Really: speed is the only reason not to use something that gives way better 
pictures by itself.

If the priority is too much shifted on pretty pictures then it's better to 
look at a different project out there.

That does not mean that it's impossible to render nice frames with a 
rasterizer. And there is a lot of technology out there which enables this 
great faky pictures where you do not recognize that its so faky.

But what I saw lately - especially from this finish guy - is noting close 
there. He is extremely loud, argues with 'works for me' like arguments and 
does not listen to suggestions that would guide in a better direction.
Let's take the uebershader like approach.That's really one of the worst ideas 
that you can have gpu wise. There are a lot of if's that are impossible to be 
optimized out since these are runtime configurable by a lot of uniforms. And 
thats actually the second bad point in this approach.
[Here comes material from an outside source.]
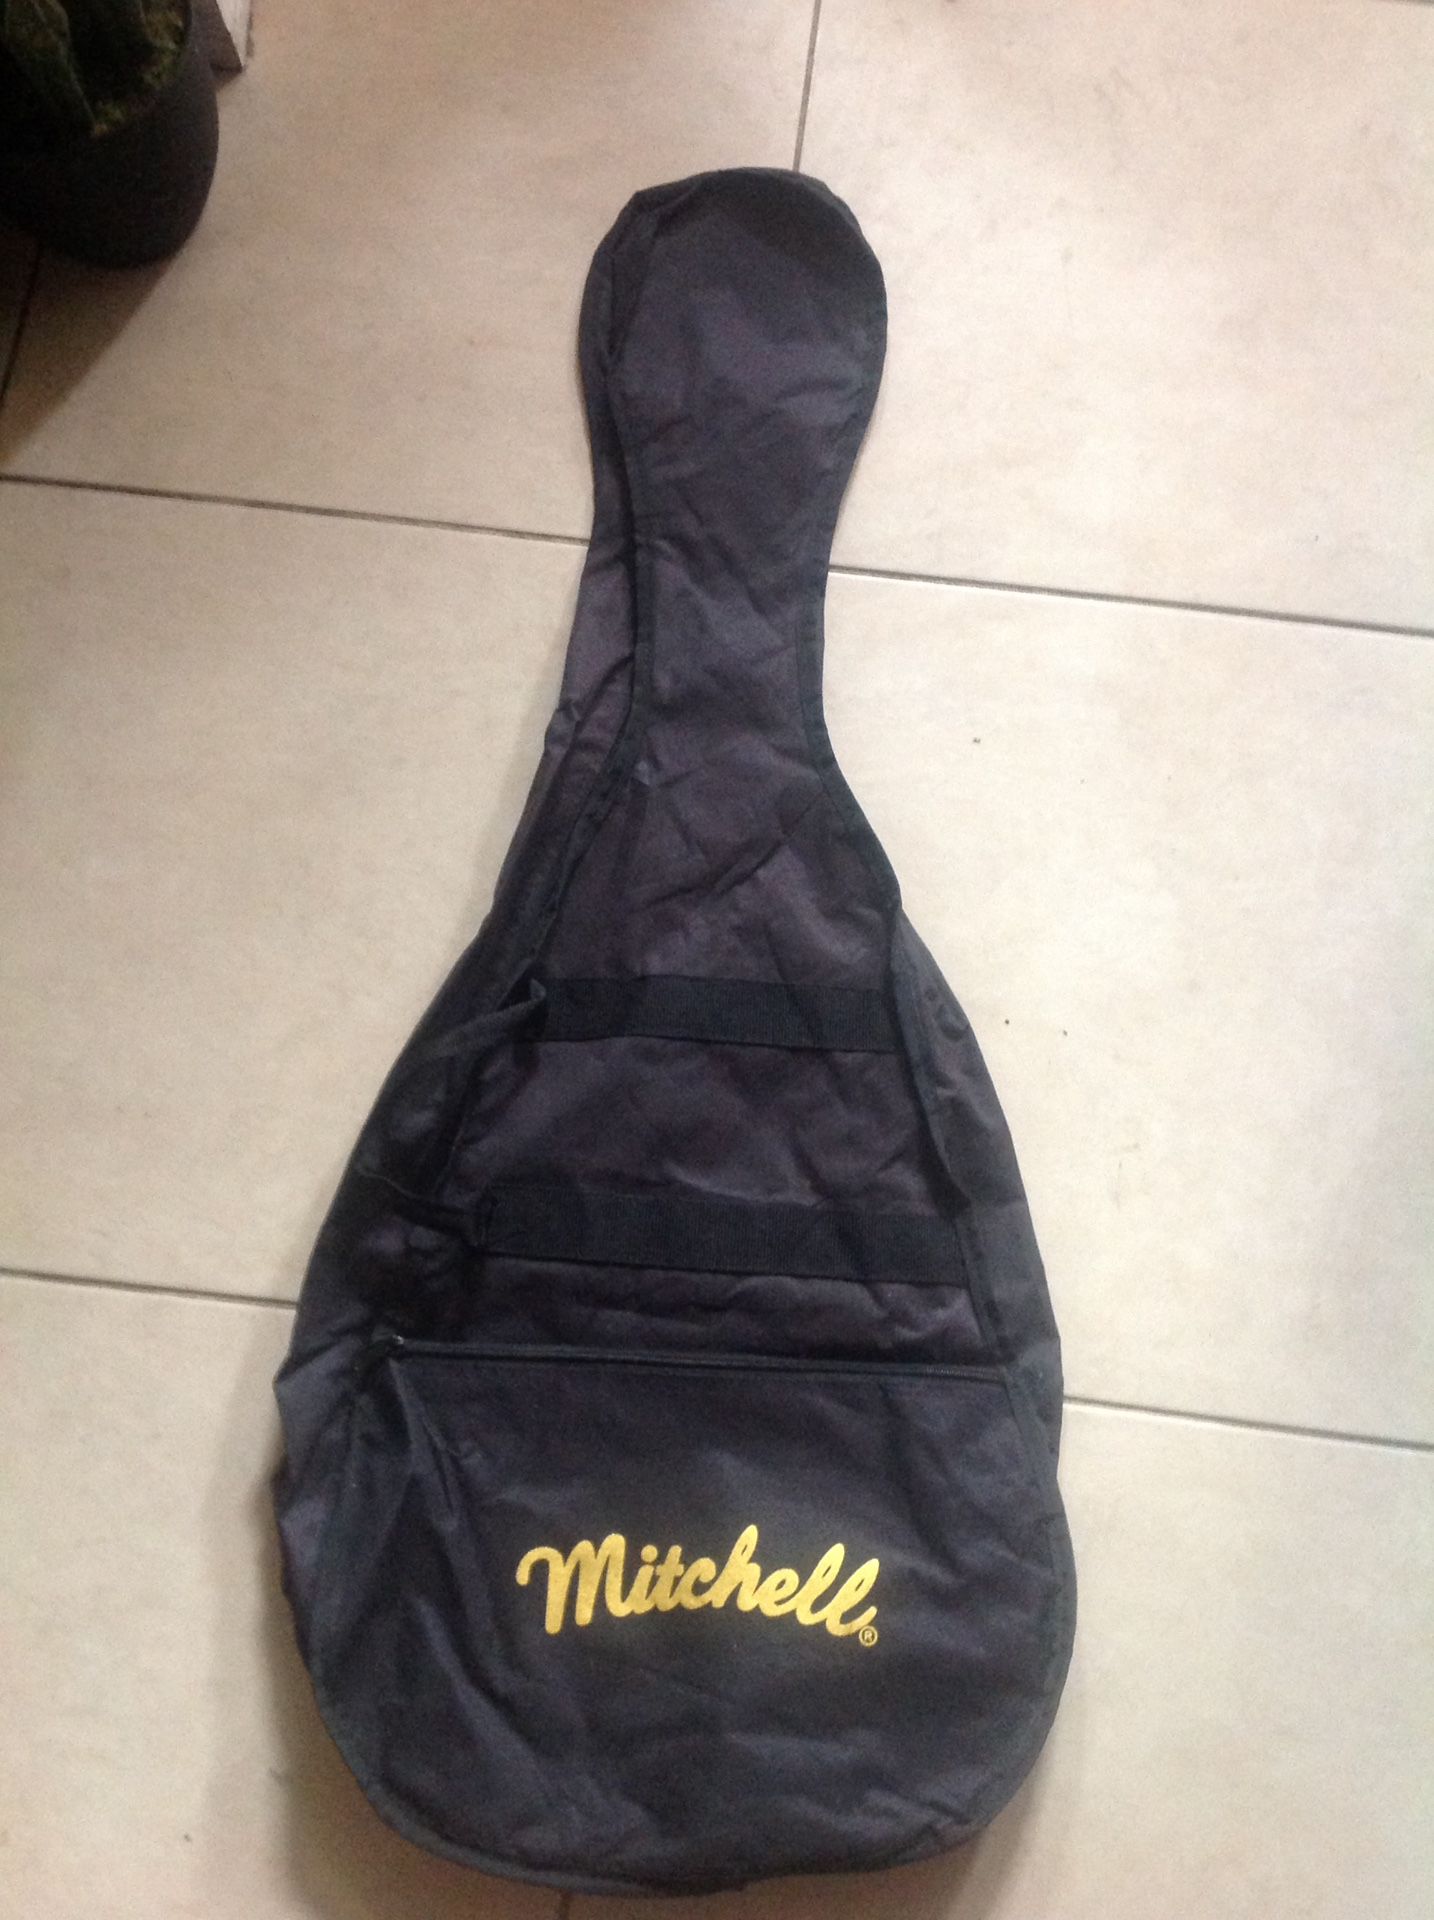 Mitchell guitar soft bag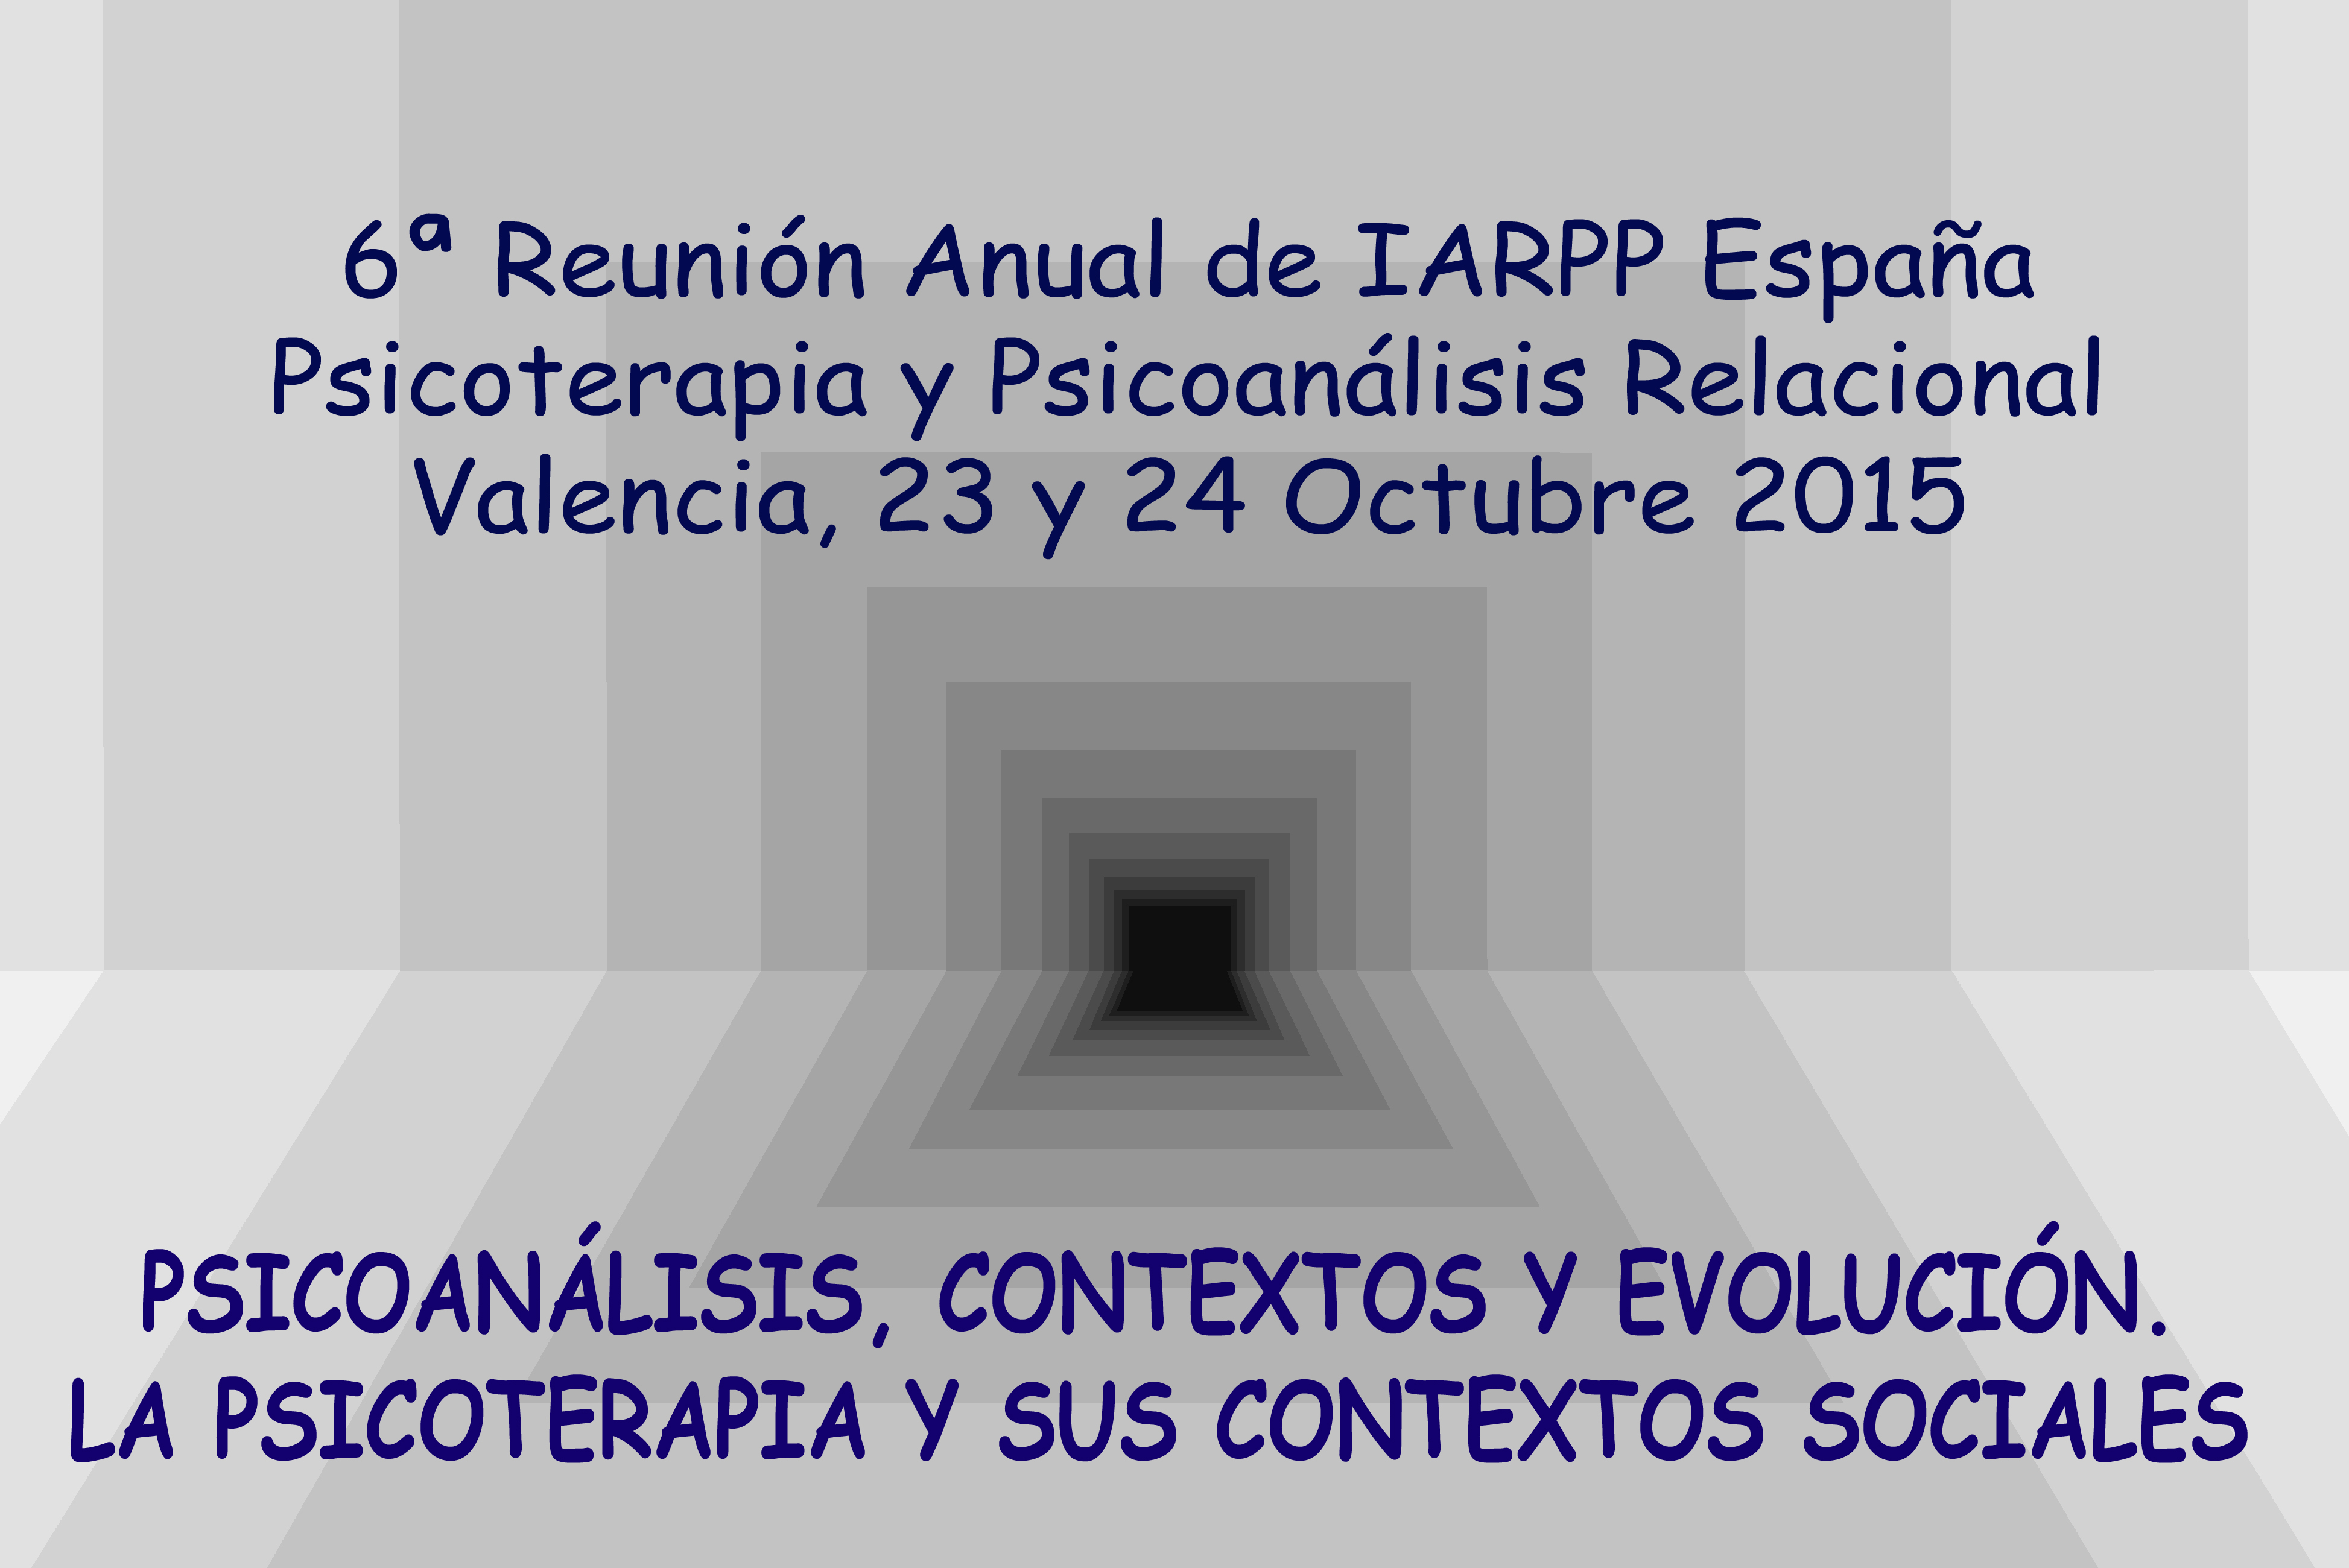 6a Reunion IARPP: Valencia, 2015

So, just looking at the 
problem it must be clear that this is a not so good idea. Sure from a 
softwareengineering point of view having a configurable shader seems good. But 
for the purpose of having a fast renderer it is not - and remember if you are 
interrested in nice pictures at any (performance) price use an other 
technology. For our type of application, speed matters.

Then there is the scattering stuff. That's great but I told him may be two 
years ago how this could be done efficiently. Now he presents something that he 
tells that needs to be inserted into any shader in any model. So it's just 
clear that he did not listen to any suggestion at that time.

That would be ok if this would be optional in the sense that it does not 
impact what is there performance wise. But since this is all runtime configured 
by an uebershader with a lot of uniforms this is not the case. Any additional 
feature done in this way *does* impact everbody in several ways. Any 
additional uniform takes time to be set up in the driver. Any code that is in 
the shader and that cannot be optimized away at *link* time of the shader may 
take registers which affects the partitioning and the amount of paralell 
executed threads in the GPU. At least a notable amount of gpu's on the market 
can get register set limited at that point.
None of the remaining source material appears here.